It is now being used in a clinical trial (MDGN-201), positive preliminary data from which was announced in mid
October. This preliminary data appears to show a better therapeutic profile (i.e. - more uniform delivery and
longer duration) than the first generation viral vector.
Advantageous Alternative To Current Methods
Biopump is a novel ex-vivo gene therapy platform allowing continuous and autologous protein and peptide
production that is significantly differentiated from other protein replacement therapies. Protein replacement
therapy is used to treat a number of common chronic conditions including anemia caused by kidney disease,
and rare and orphan diseases such as hemophilia and Gaucher's disease.
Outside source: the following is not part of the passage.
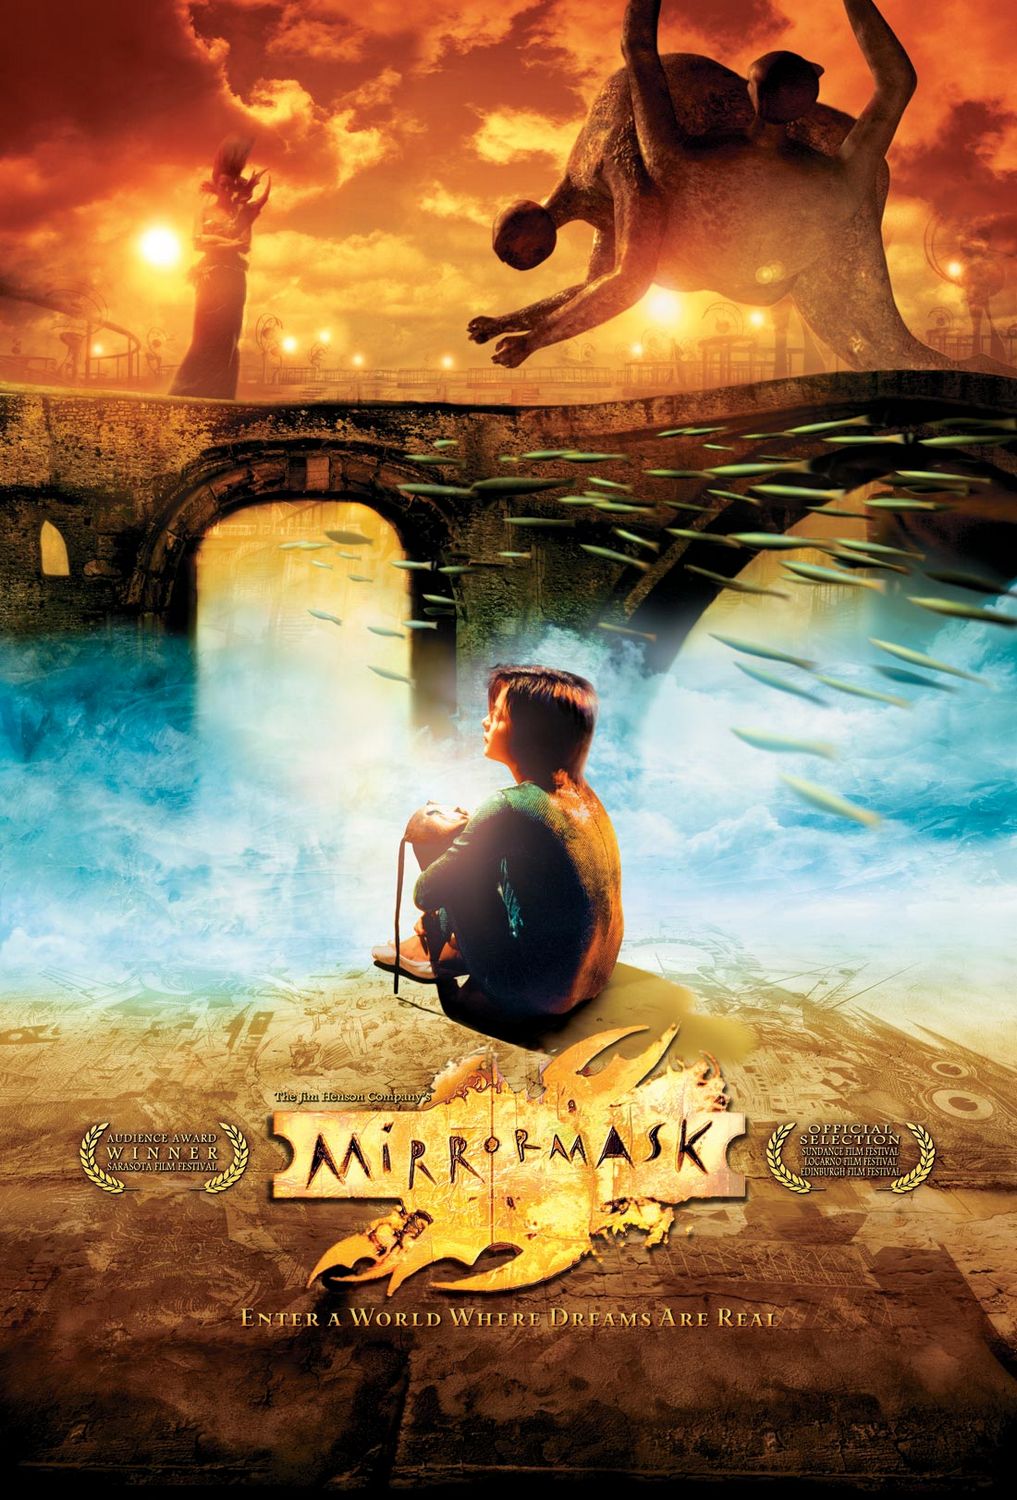 Extra Large Movie Poster Image for Mirrormask 
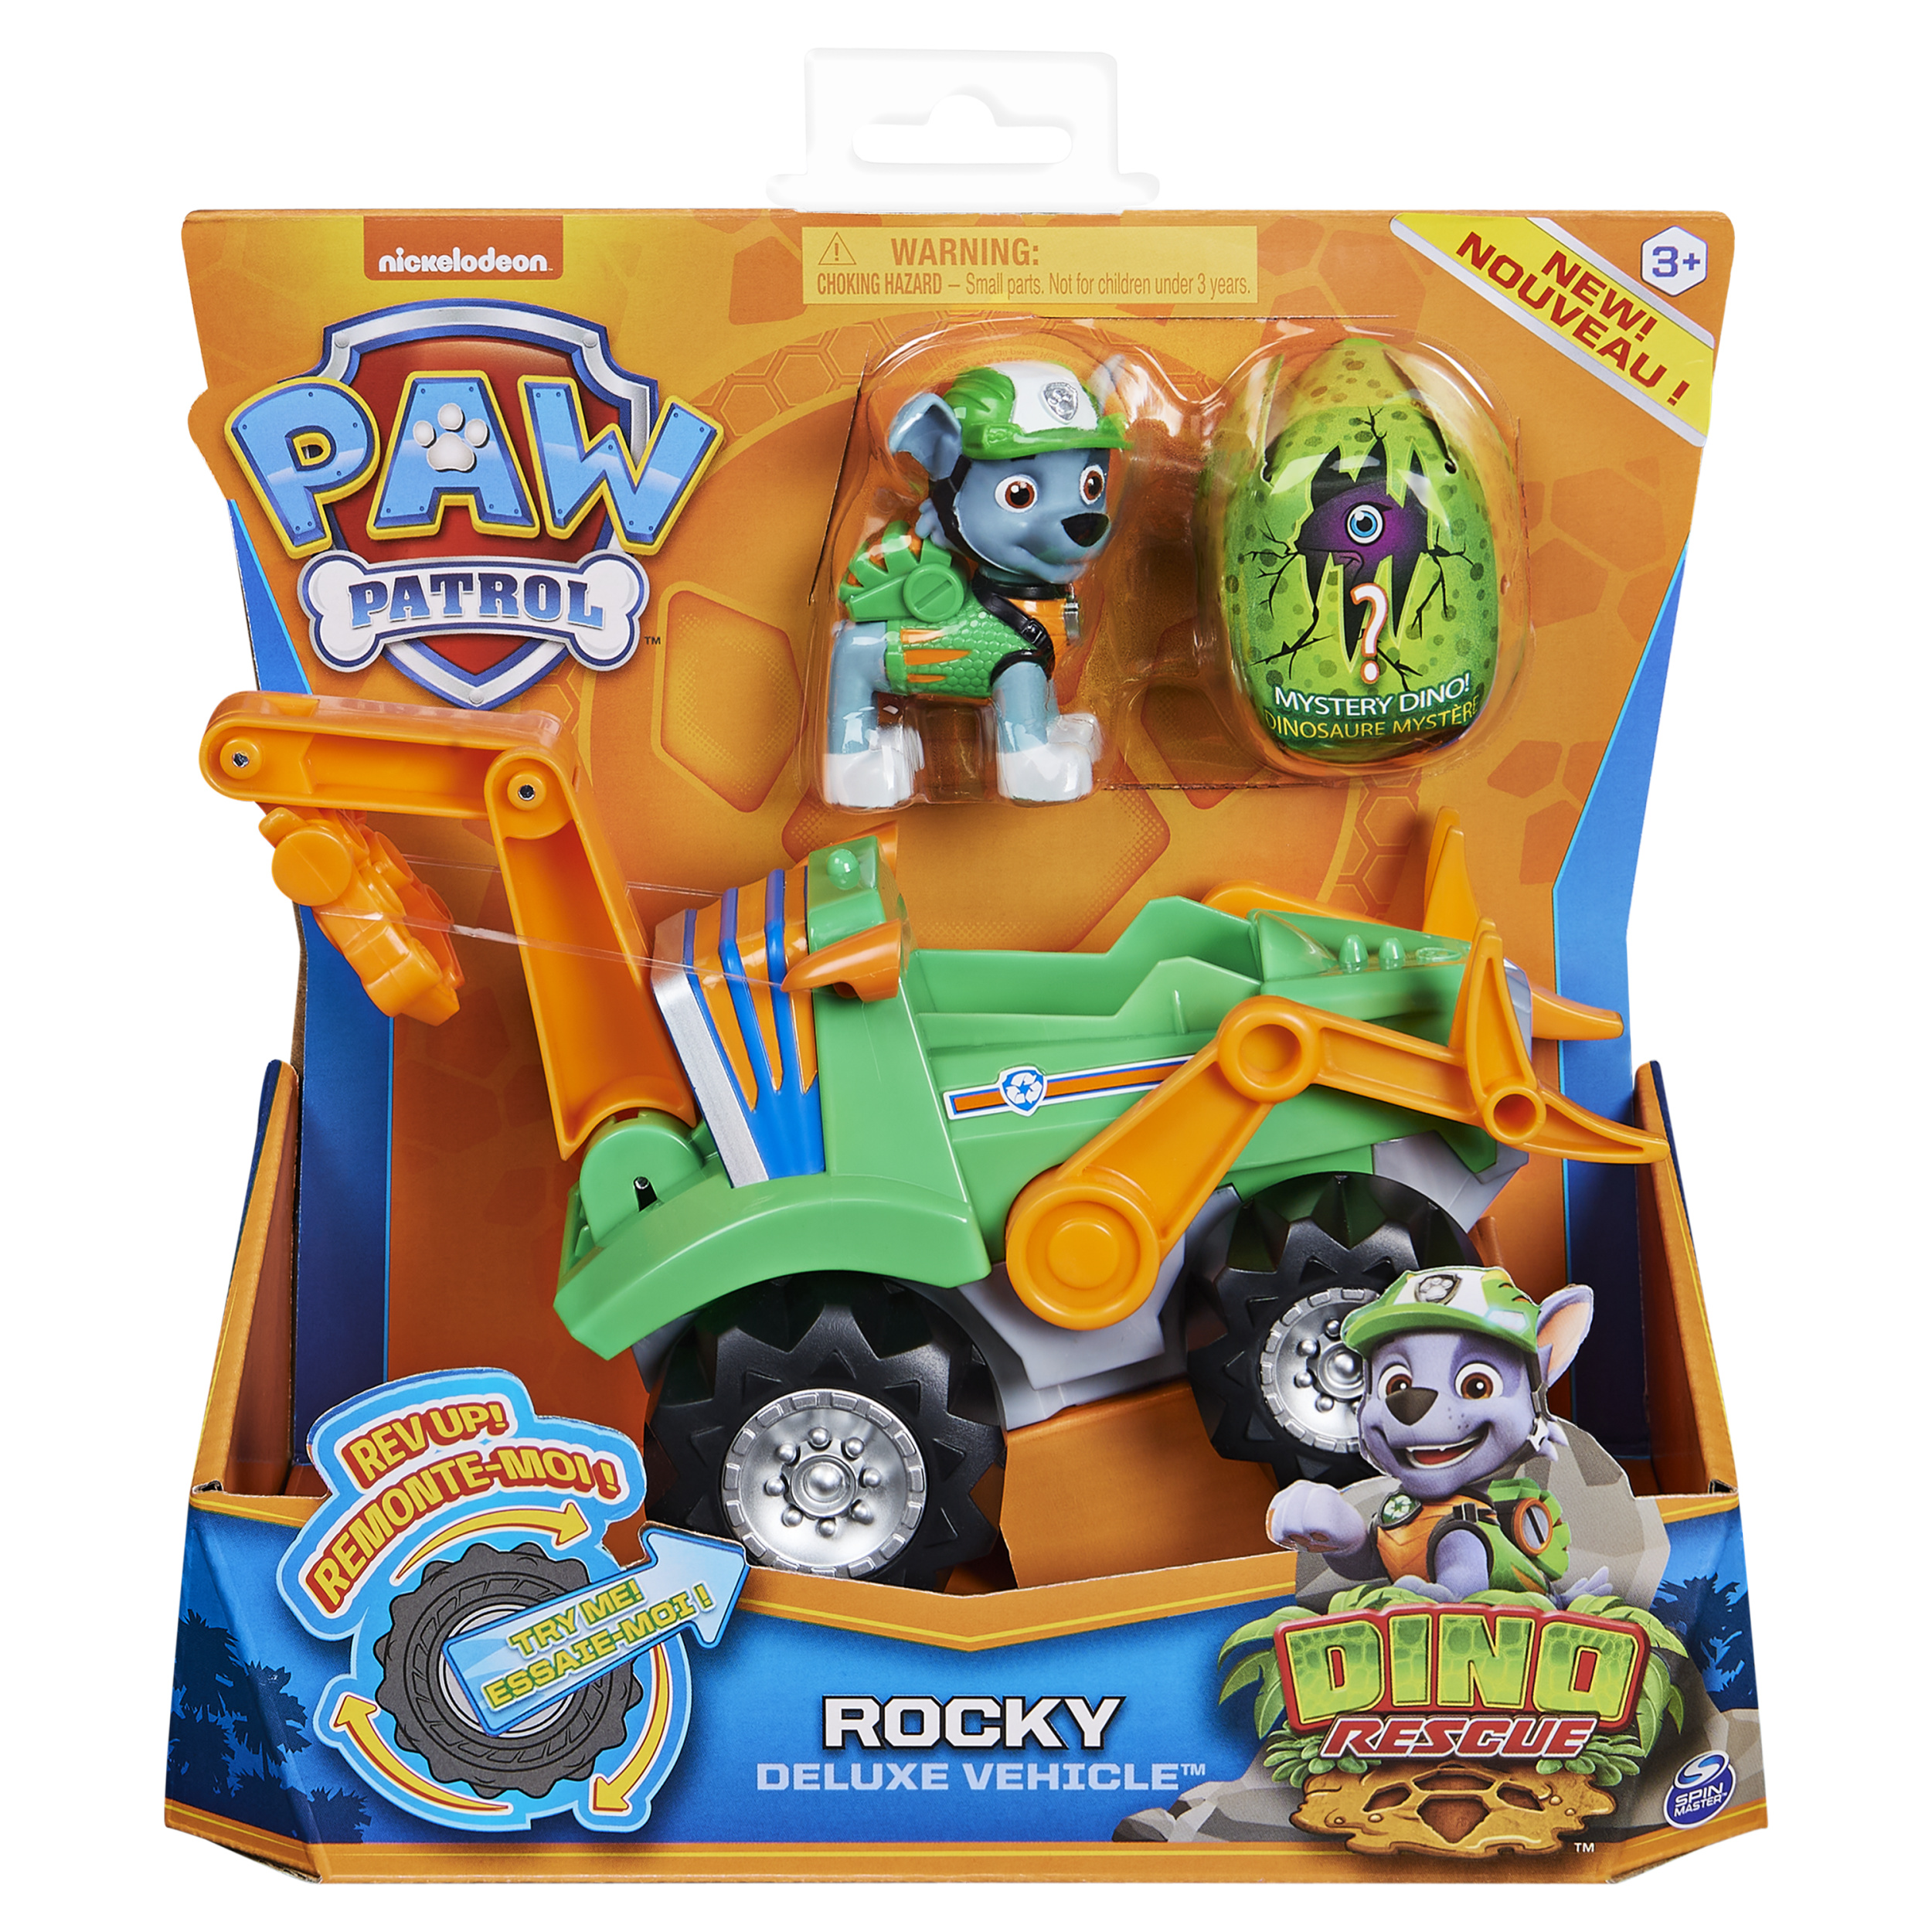 Paw Patrol Deluxe Dino Vehicles Assortment (Styles May Vary) - image 5 of 6

Biopump protein production creates an autologous protein from the patient himself, as opposed to recombinant
proteins, which are produced in cell culture (human or animal). Autologous protein production enables the
patient s own fingerprint or glycosylation, which is considered to have several potential advantages over nonautologous proteins. These advantages include extended duration, improved cell uptake, and lower
immunogenicity/toxicity over traditional protein replacement. By contrast, non-autologous proteins have the
potential to be recognized as foreign, and thereby elicit an immune response in some individuals, which may
result in lower efficacy or reactions requiring discontinuation of therapy.
Finally, Biopump protein production is continuous, which allows the potential for a patient to be treated for six
months following the procedure. Continuous and autologous protein production more closely mimics the
patient s physiological production of protein, versus the typical bolus injections of current protein therapies.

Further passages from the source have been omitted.